START Data provided

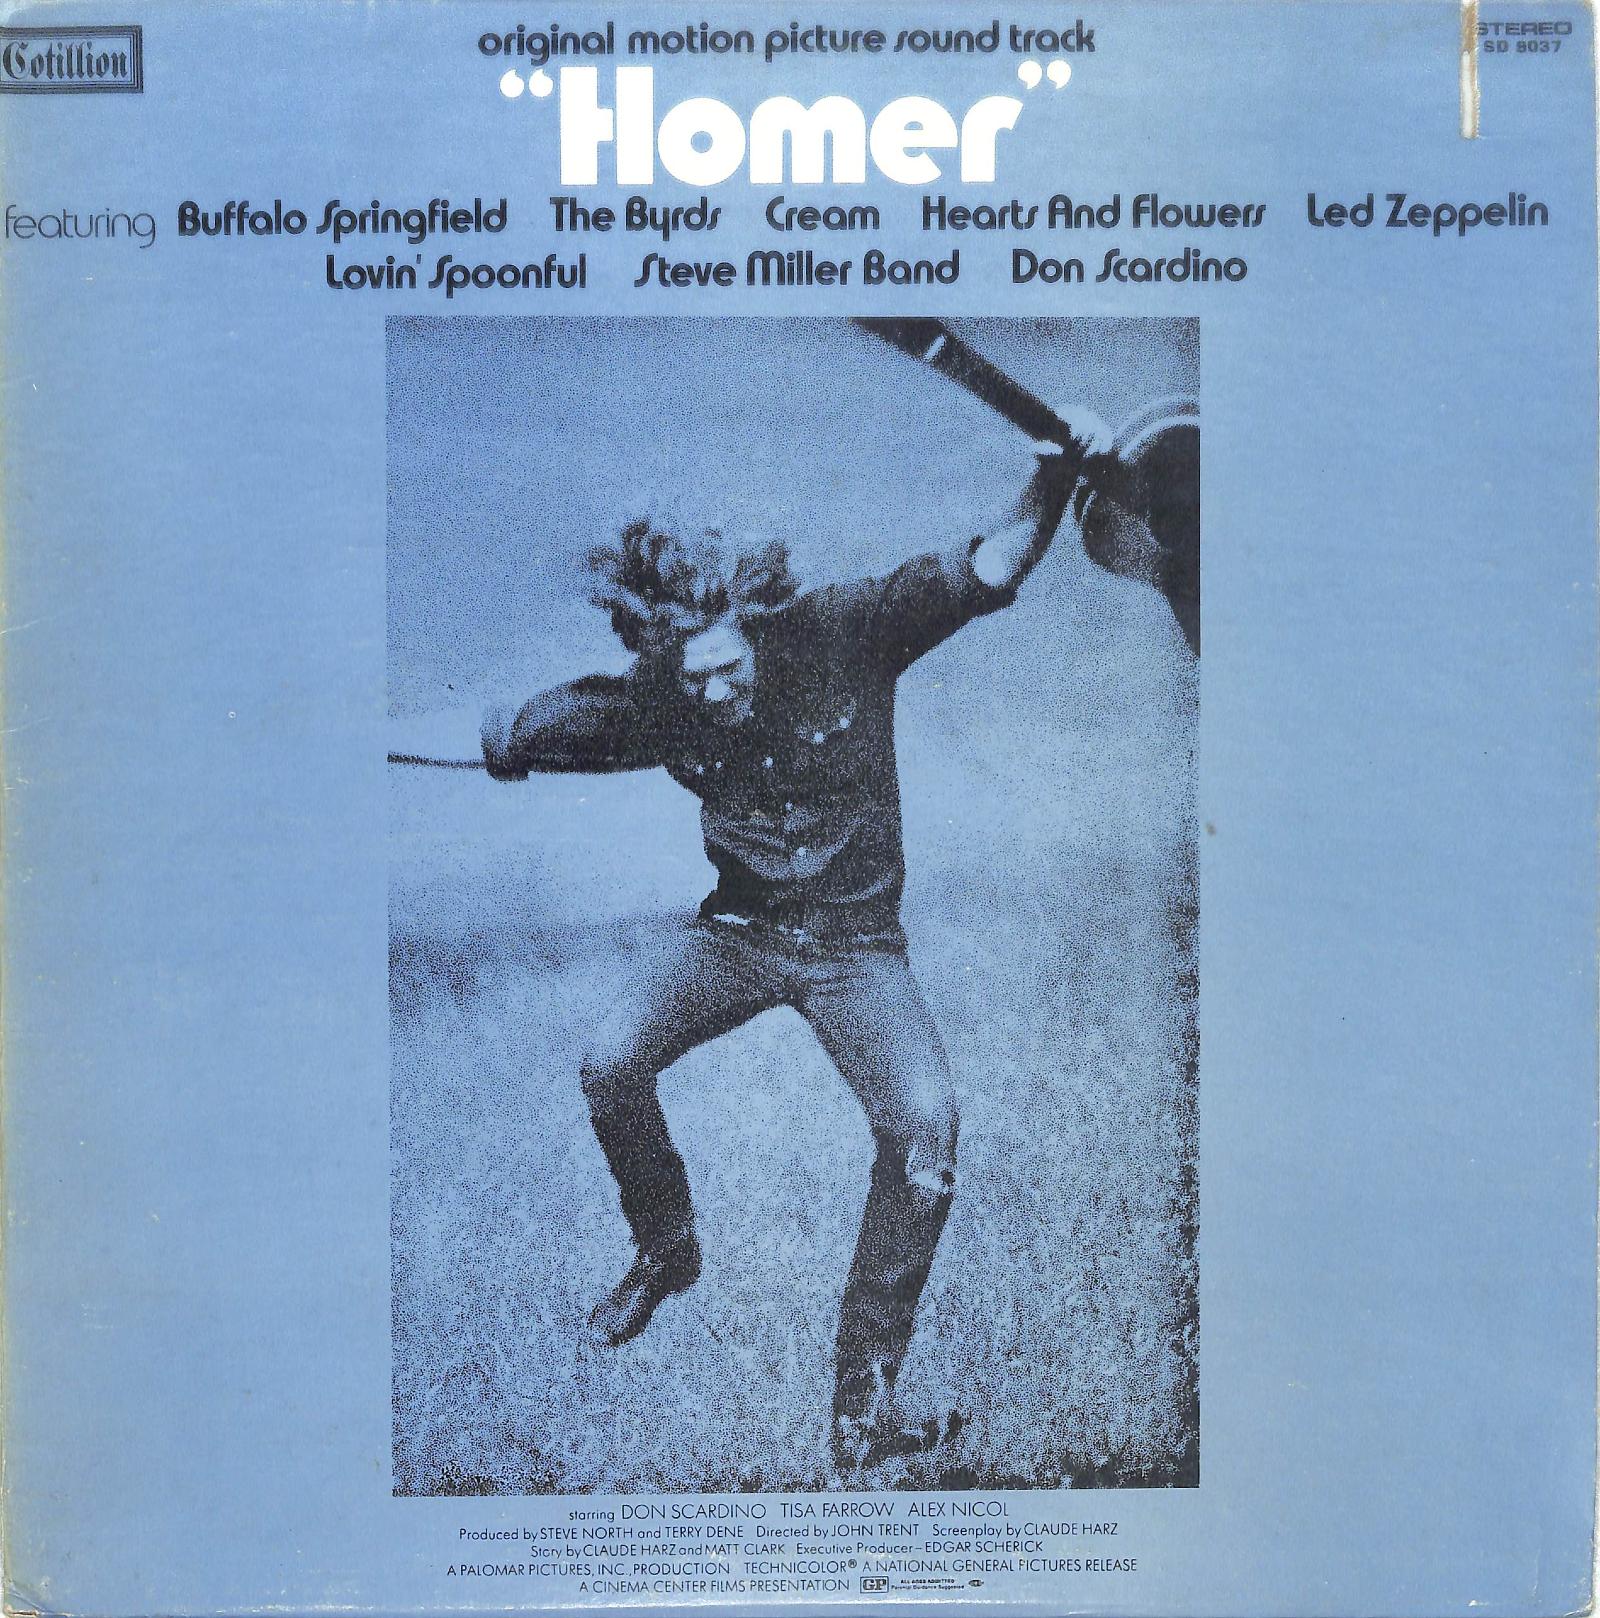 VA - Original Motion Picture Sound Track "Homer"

END Data provided
START Data provided

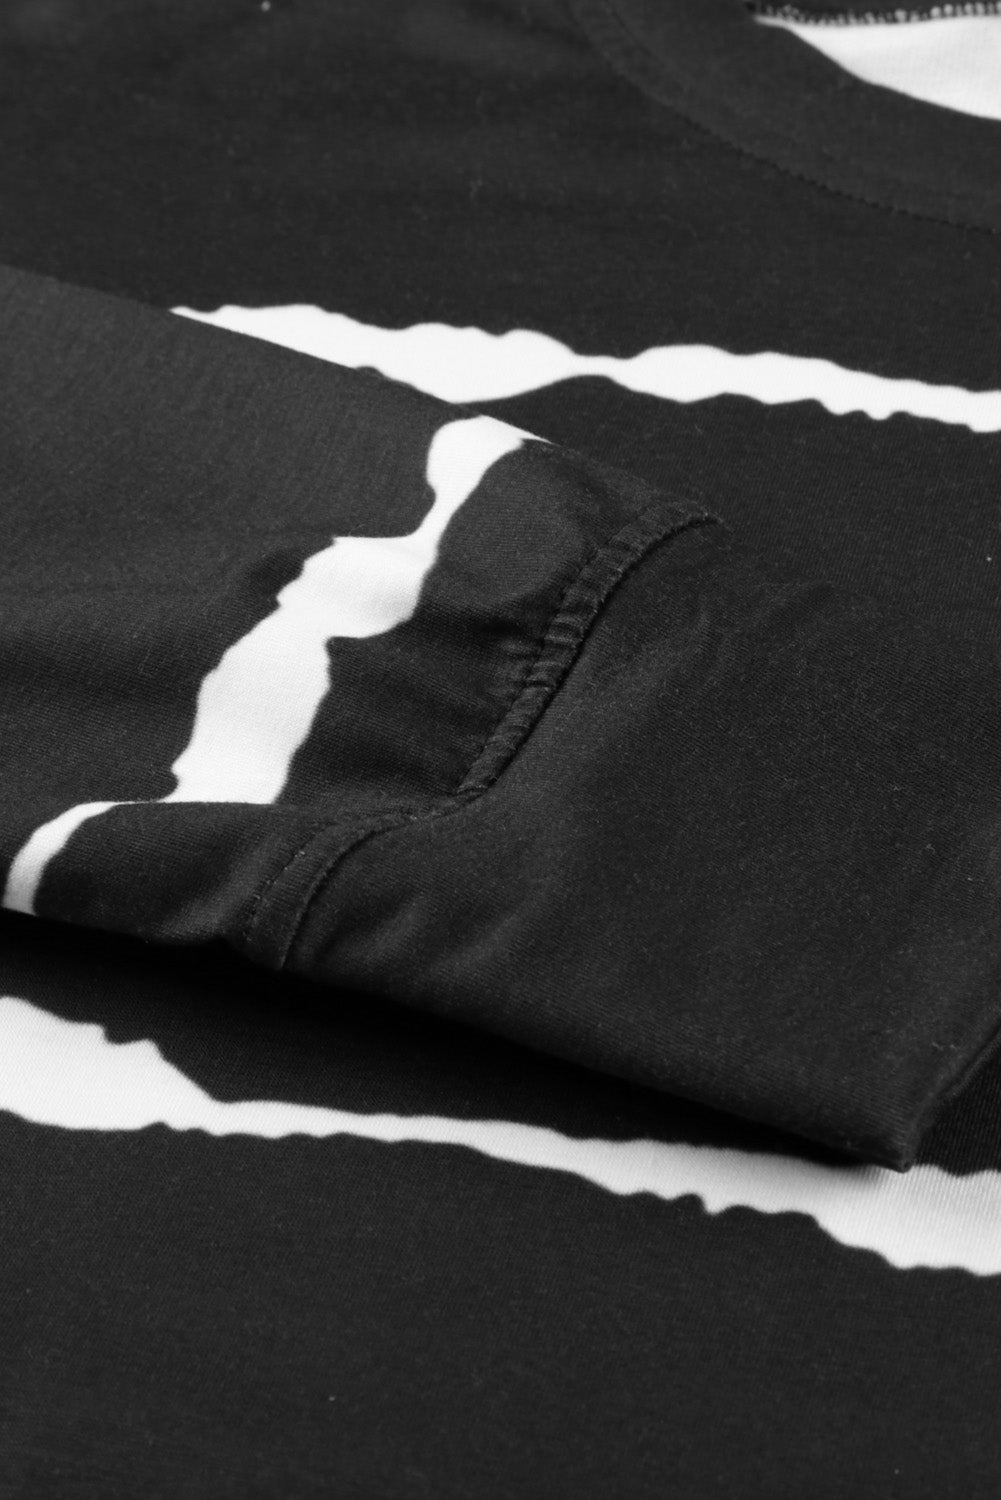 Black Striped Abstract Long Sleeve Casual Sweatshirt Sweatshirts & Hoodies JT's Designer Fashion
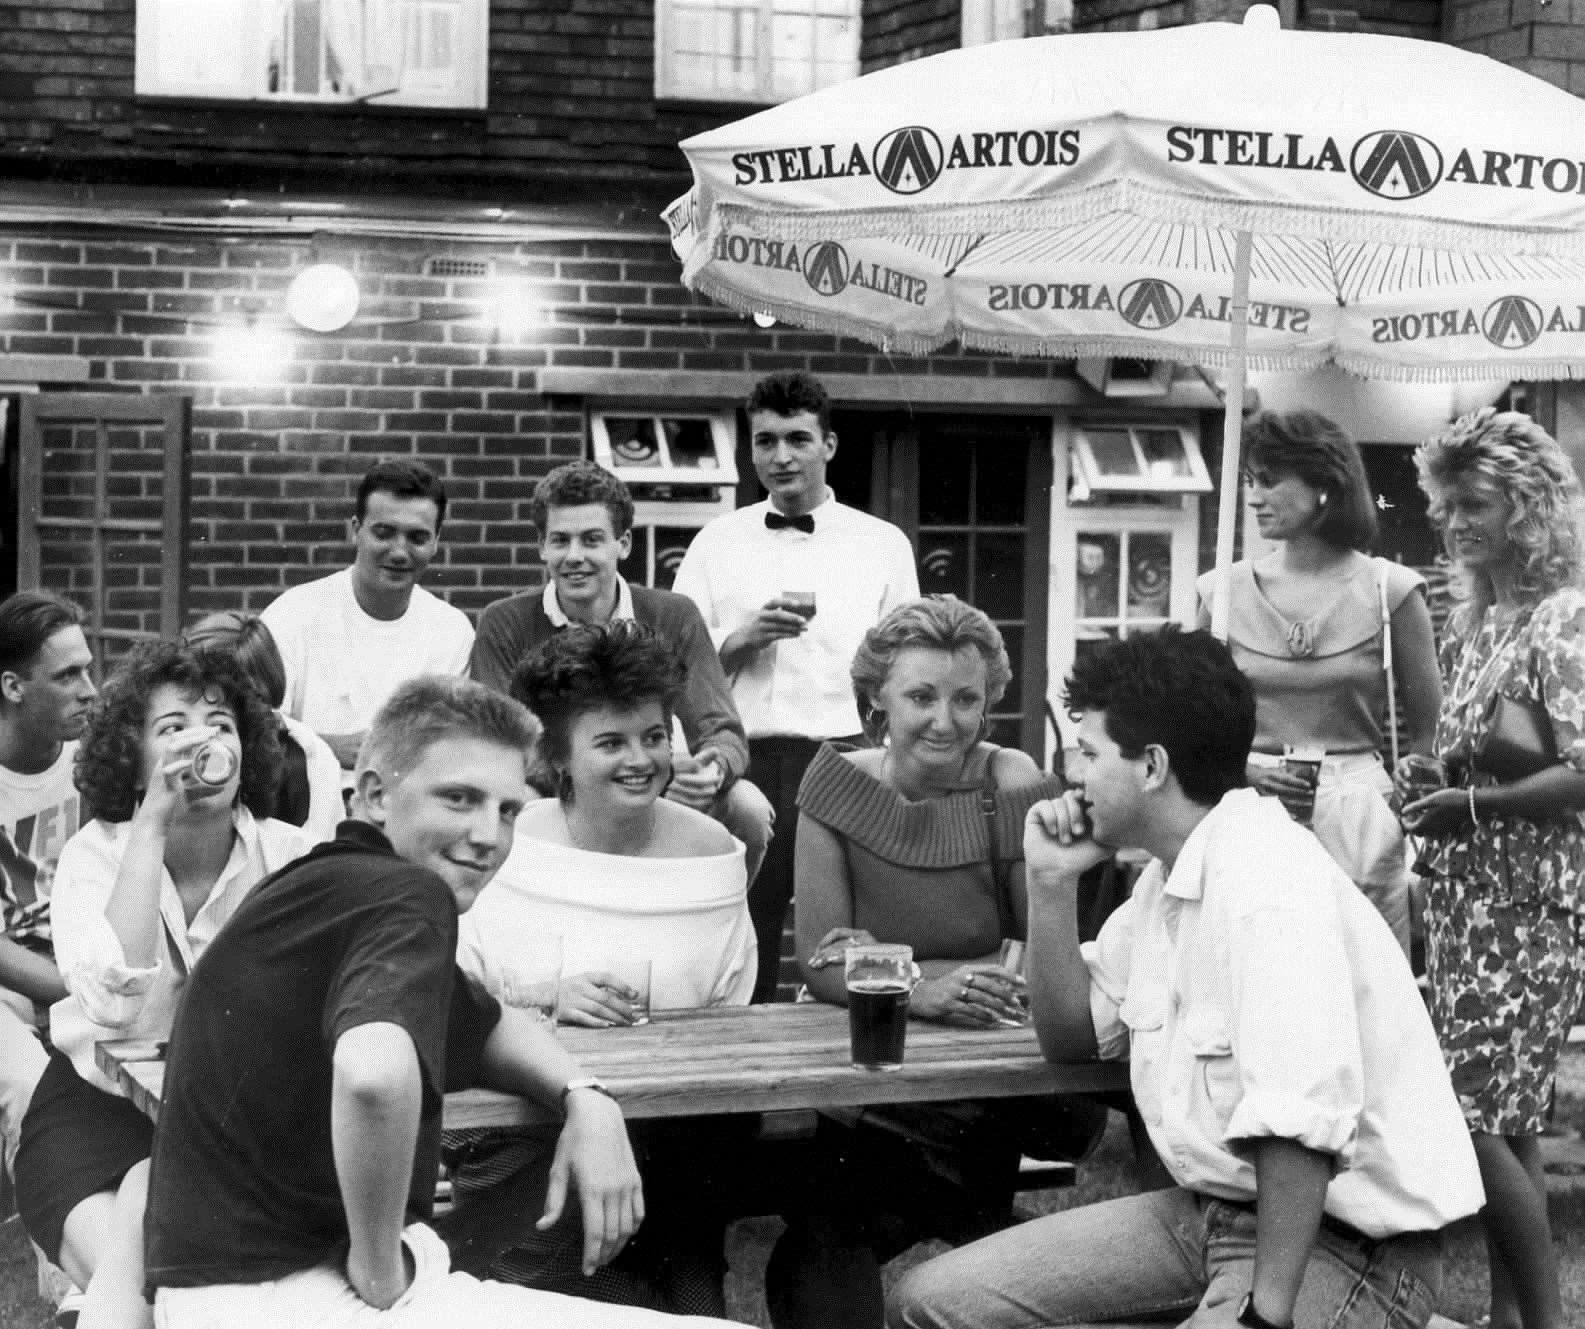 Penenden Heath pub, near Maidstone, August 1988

END Data provided
START Data provided

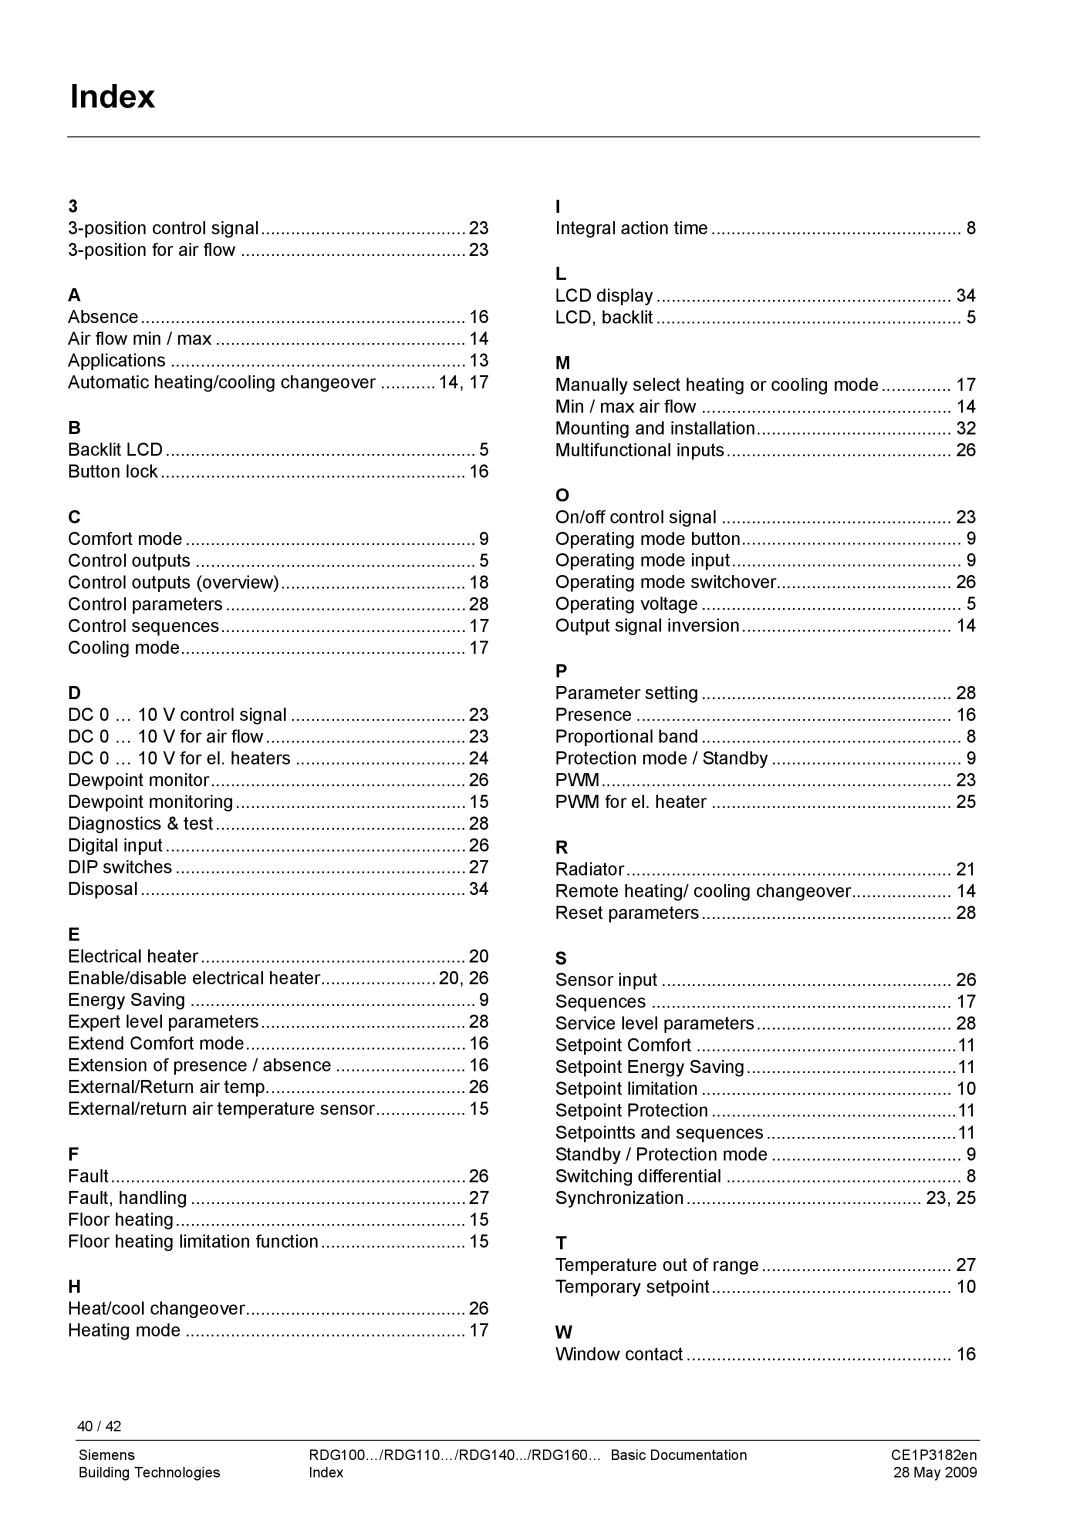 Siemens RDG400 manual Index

END Data provided

▸ Task goal: Using the entries above, extract exactly the lines from the one that contains "Black Striped Abstract" through the one that contains "Penenden Heath pub, near". Do not carry over any pictures.

▸ Response to this task:
 Black Striped Abstract Long Sleeve Casual Sweatshirt Sweatshirts & Hoodies JT's Designer Fashion
 Penenden Heath pub, near Maidstone, August 1988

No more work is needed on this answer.